> Requirement:
Go through the following data and transcribe exactly the stretch of lines from the one holding "Kashi GO Crunch" to the one holding "Digital Inclusion Trailblazer", both included.
-- Source information follows --
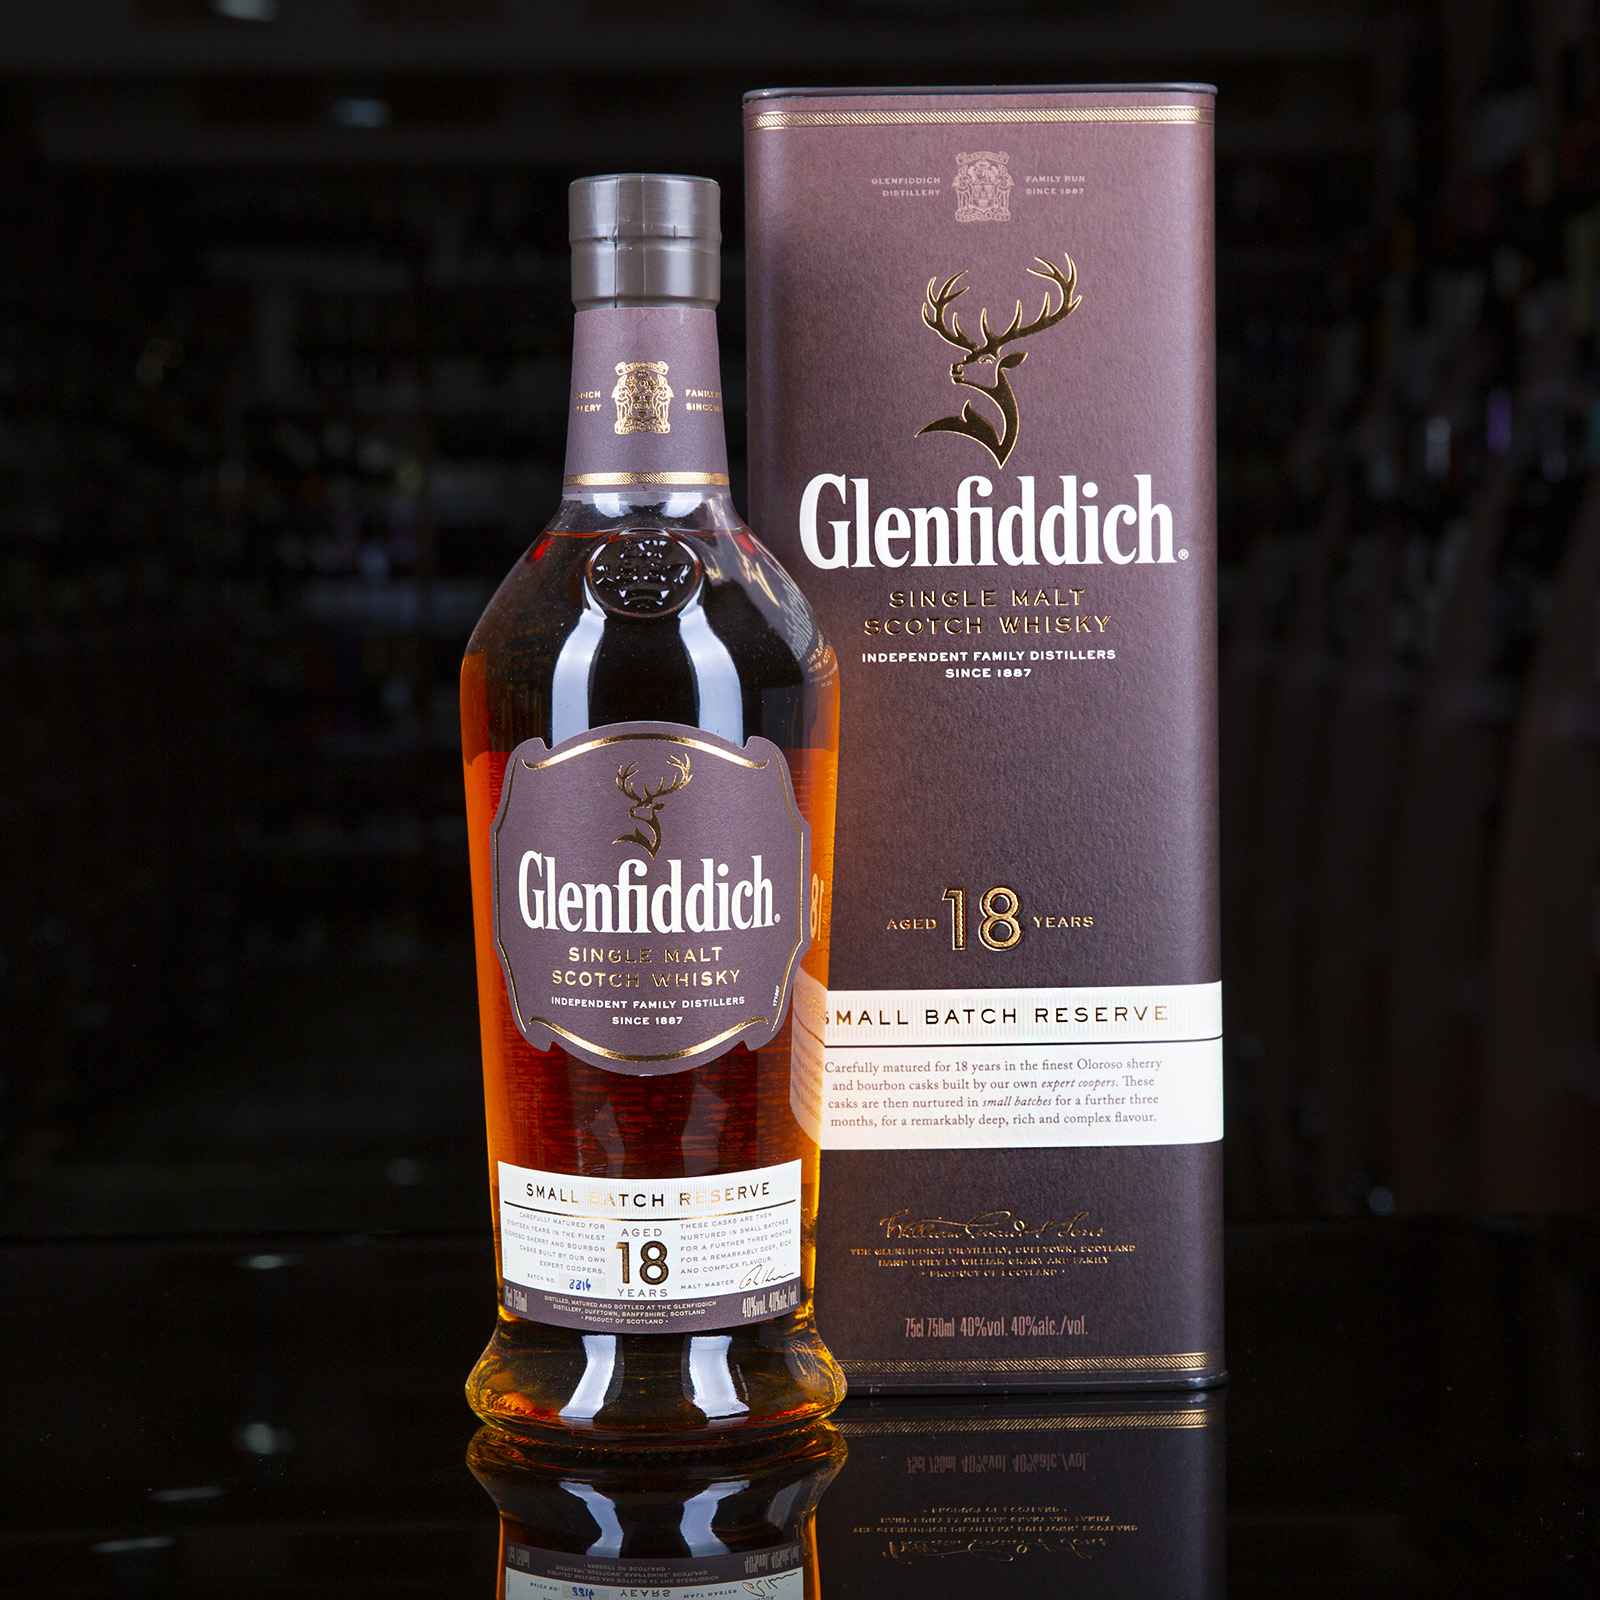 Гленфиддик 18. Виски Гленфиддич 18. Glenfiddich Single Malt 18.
-- Source information concluded --
-- Source information follows --
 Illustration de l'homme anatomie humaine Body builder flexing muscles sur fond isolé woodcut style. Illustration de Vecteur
-- Source information concluded --
-- Source information follows --
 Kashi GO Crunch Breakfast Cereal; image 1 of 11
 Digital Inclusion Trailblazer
-- Source information concluded --
> Response to this task:
 Kashi GO Crunch Breakfast Cereal; image 1 of 11
 Digital Inclusion Trailblazer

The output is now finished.